Opinion

Israel’s ‘hardcore’ right, electoral corruption in New Jersey and more comments

Middle East Office: Israel’s “unconditional” right

The United Nations and President Biden claim that Israel’s right to self-defense must be balanced with the imperative to protect civilians, but that right is actually “unconditional.” declares Ben Bayer in New Ideal. The Allies in World War II knew this and “were able to completely subdue the Nazi regime, in part by killing more than six hundred thousand German civilians in strategic bombings.” Israel “should also unapologetically exercise its unconditional right to self-defense.” After all, your right to live should not “be compromised by the fact that someone who threatens to kill you has also taken hostage someone who might be hurt in their attempt to defend themselves.” There is no earthly reason to think the hostage deserves to live, but you don’t.

From the left: electoral corruption in Jersey

“Beneath the dramatic and operatic corruption described in the recent Menendez indictment lies what has been described as the soft corruption of the political machine in New Jersey.” warns David Dayen of The American Prospect. Many unelected county party chairs are endorsing Tammy Murphy, the governor’s wife, in the primary for Sen.

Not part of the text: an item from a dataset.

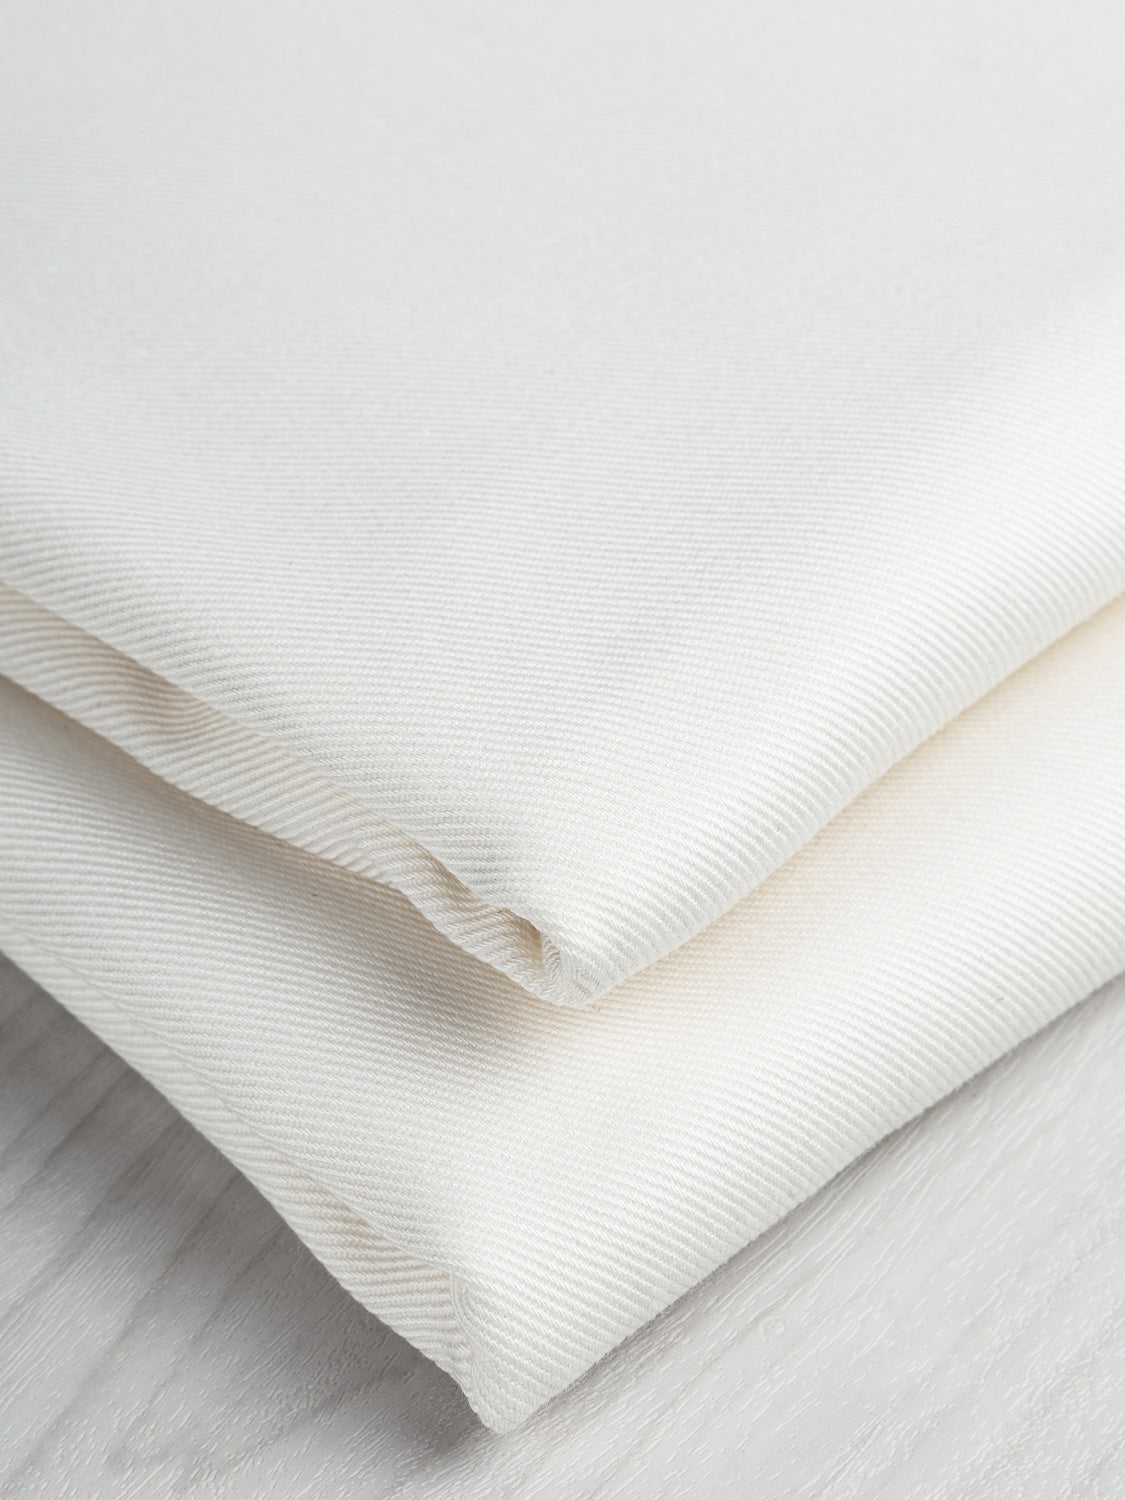 12.25 oz Organic Cotton Stretch Denim - White | Core Fabrics

Bob Menendez’s seat, securing her access to the “county ballot line,” which “groups candidates who count with the support of the county parties.” This has “the effect of putting a big thumb on the scale for Murphy”, with other candidates relegated to columns on the right, “a place sometimes nicknamed ‘Electoral Siberia’”. Rutgers researcher Julia Sass Rubin found that she makes a 38-point spread. The elections in Jersey “are not entirely democratic but are tribute payments to the party bosses.”

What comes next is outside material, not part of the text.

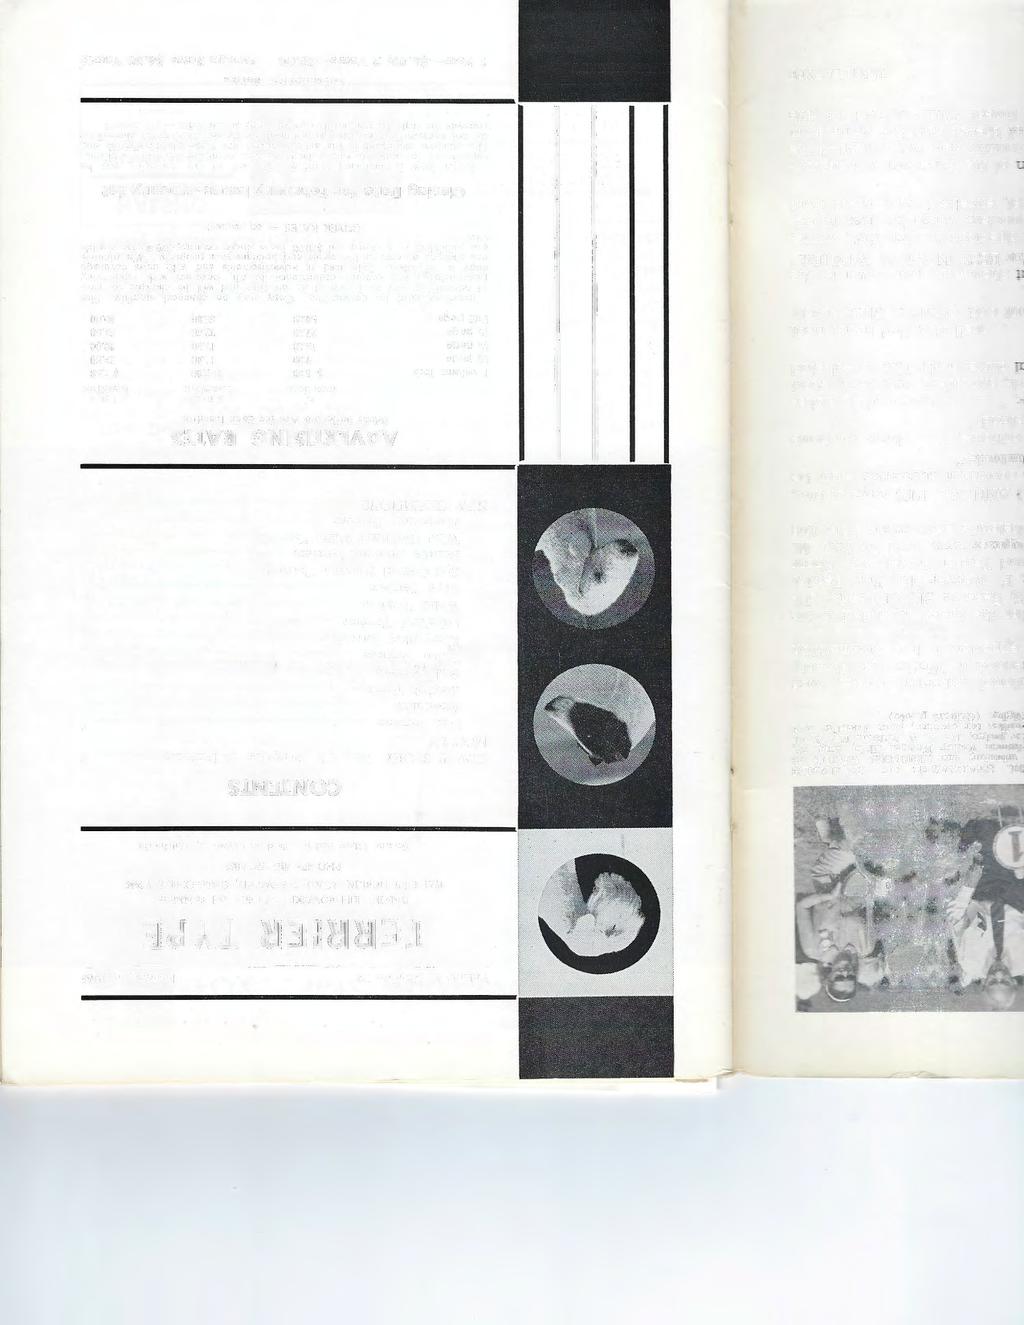 Volume V, Number 12 December, 1966 DANIEL KIEDROWSKI - Editor and Publisher 4961 OLD DUBLIN ROAD, HAYWARD, CALIFORNIA 94546 PHONE: 415-581-6062 Second Class Postage Paid at Hayward, California
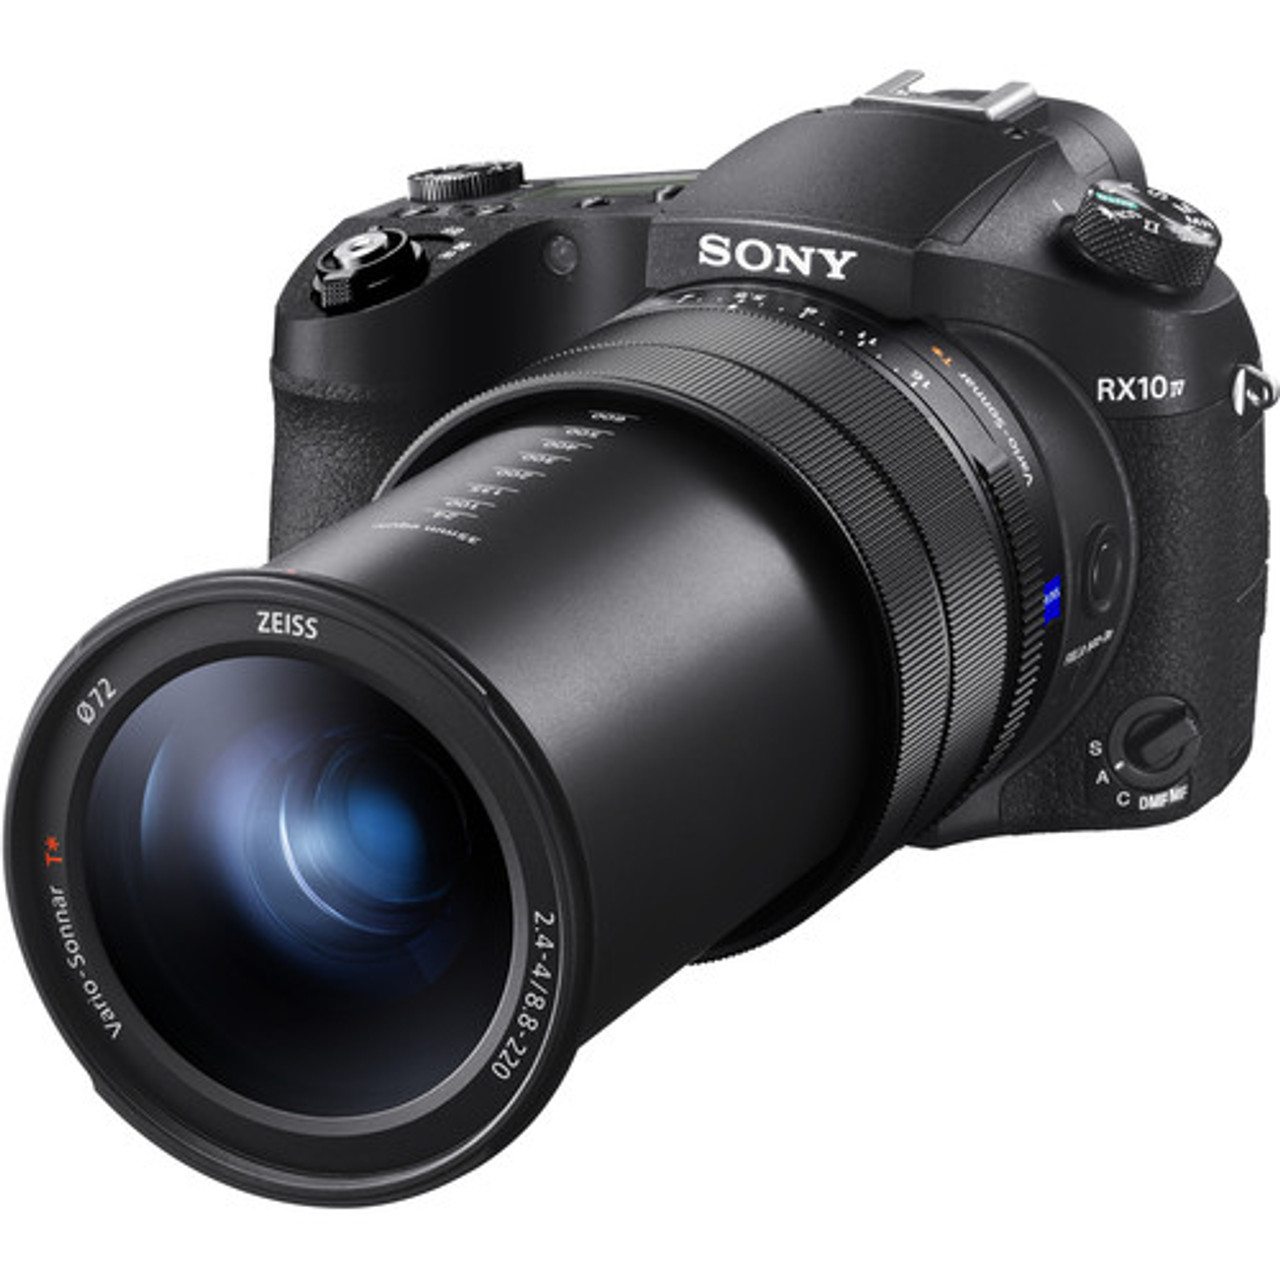 Sony Cyber-shot DSC-RX10 IV Review

Former FBI Agent: Lessons from the JFK Assassination

The assassination of President John Kennedy in 1963 “brought justifiable scrutiny on the law enforcement agencies that should have prevented it, as well as those who investigated it.” reflects Thomas J. Baker in The Wall Street Journal. The investigation “devolved into a fiasco”: the FBI, “Secret Service, Dallas police and sheriff’s offices argued among themselves” about Lee Harvey Oswald, “the rifle and other evidence, witnesses and, most importantly, jurisdiction.” “Oswald’s mishandling allowed Jack Ruby to shoot the suspected presidential assassin in the basement of Dallas police headquarters,” adding “fuel to already hot conspiracy theories.”

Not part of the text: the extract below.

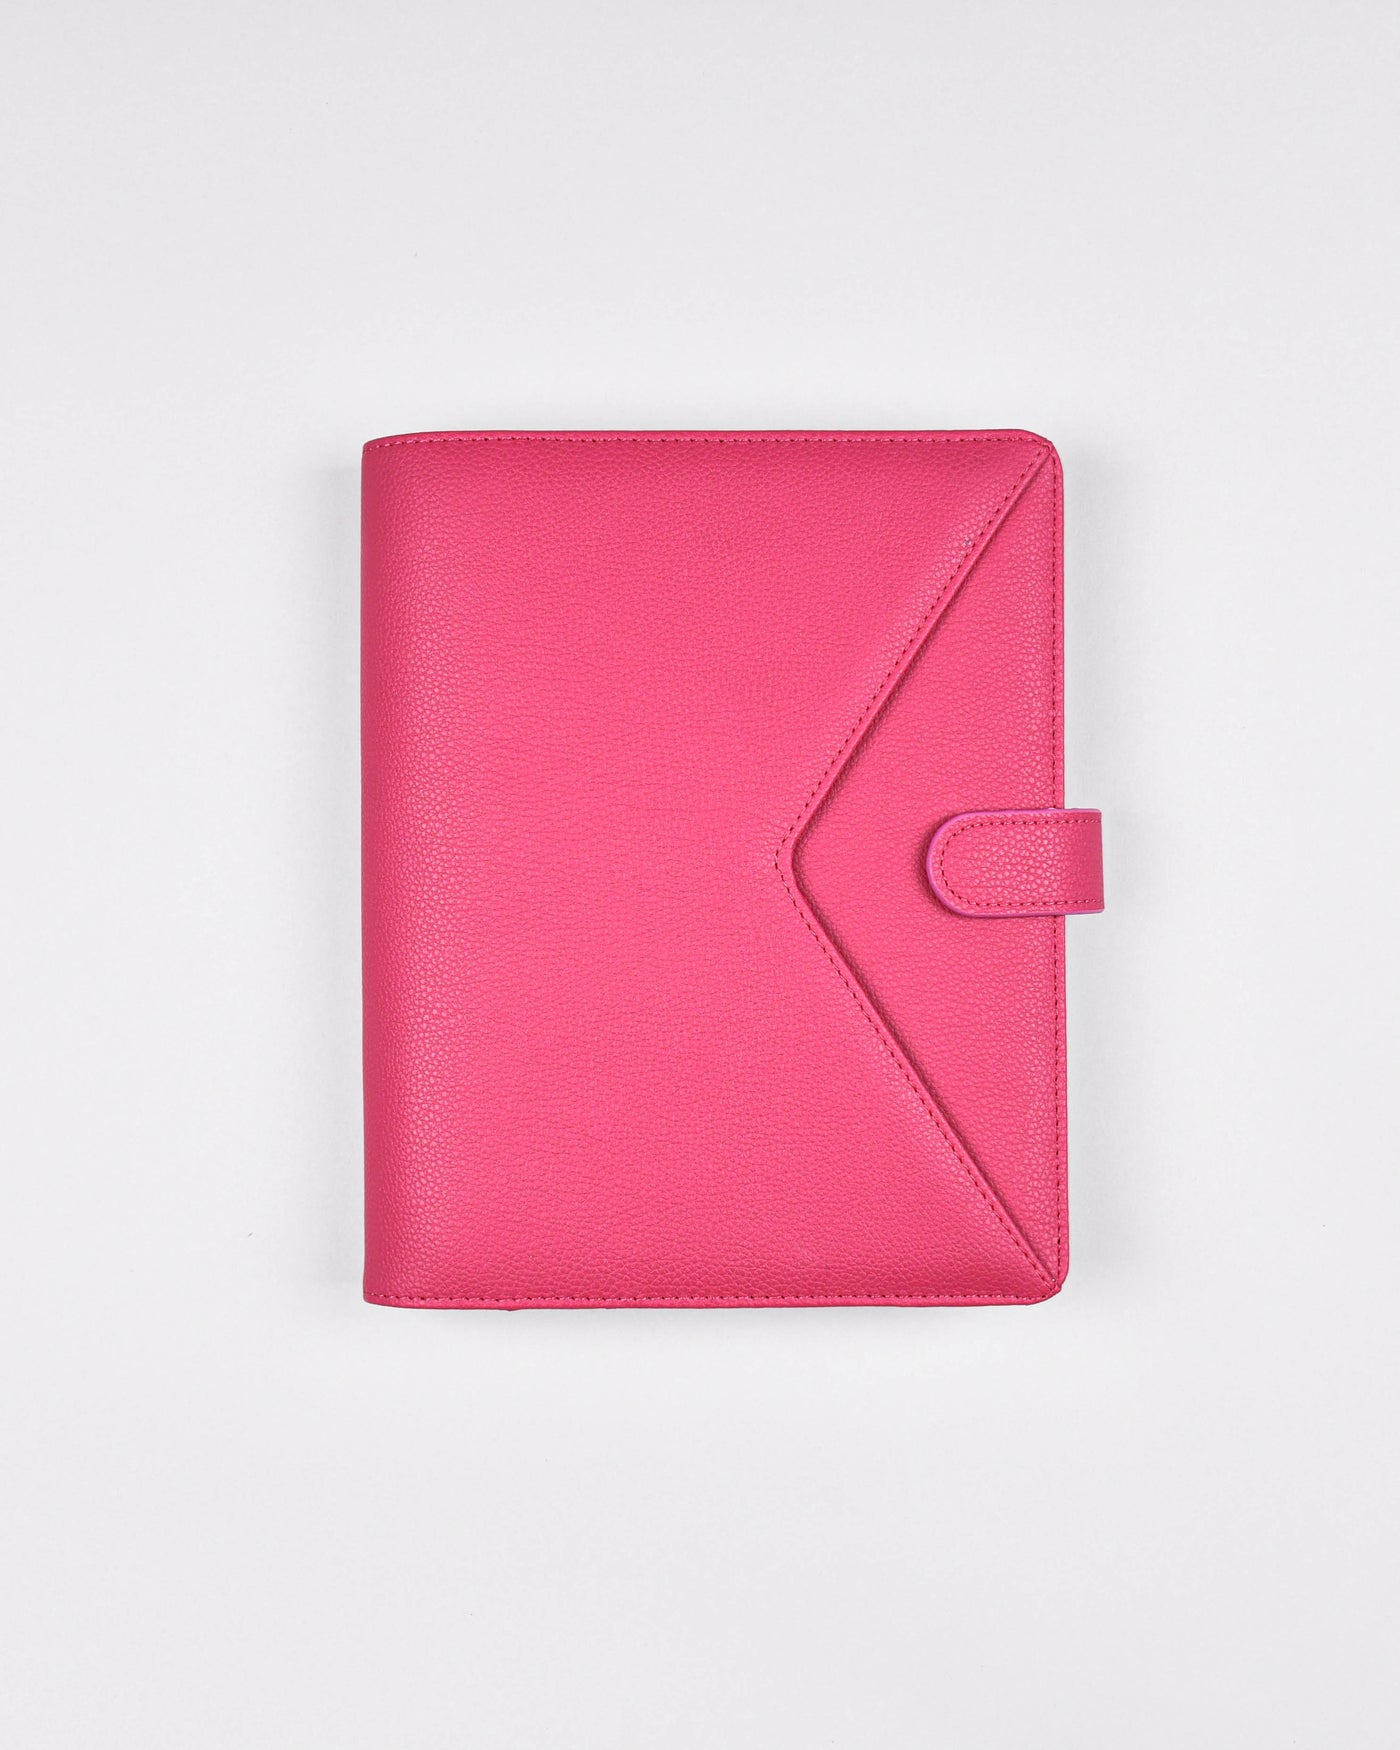 Viva Raspberry Folio Planner Cover with Exterior Pocket

From the right: the great Dutch victory of populism

“With almost all the votes counted,” Geert Wilders’ right-wing Freedom Party “has won 37 of the 150 seats in the Dutch parliament, with 24 percent of the vote, defeating its closest rivals, a coalition of Labor Party”. and the green parties”, reports Spiked’s Fraser Myers. “These elections are both a victory for Wilders and a loss for the centrist establishment,” since “European elites would have said that a ‘sensitive’ country like the Netherlands was immune to populism.” The Labor-Green alliance was defeated, showing that “opposition to climate policy is now a major driver of European populism.” “Politicians who think they can get away with impoverishing their citizens, while hiding behind talk about Net Zero, are in for a very rude awakening.”

Cultural critic: RIP, Netflix queue

“I still remember my excitement that first time” that Netflix’s “red and white envelope” arrived in “my New York City mailbox like a gift waiting to be opened.” remember Andrew Trees in The Smart Set. Gone are the days “wandering the aisles of Blockbuster and debating whether to try a foreign movie someone vaguely remembers or just watch it.” die hard for the twelfth time.” Of course, this was before DVDs became “a quaint, dusty gramophone-like relic”; even what Netflix called its “queue” “smacked of some Victorian past in which every movie waited decorously in line to be seen.” He and his pregnant wife who was suffering from morning sickness “stumbled upon the original version of Bottom up (five years, sixty-eight episodes) and I finished it in less than a week.” Netflix has ended DVD deliveries, but still: “As the lights dim and the screen flickers,” “the promise of transcendence always seems within reach.”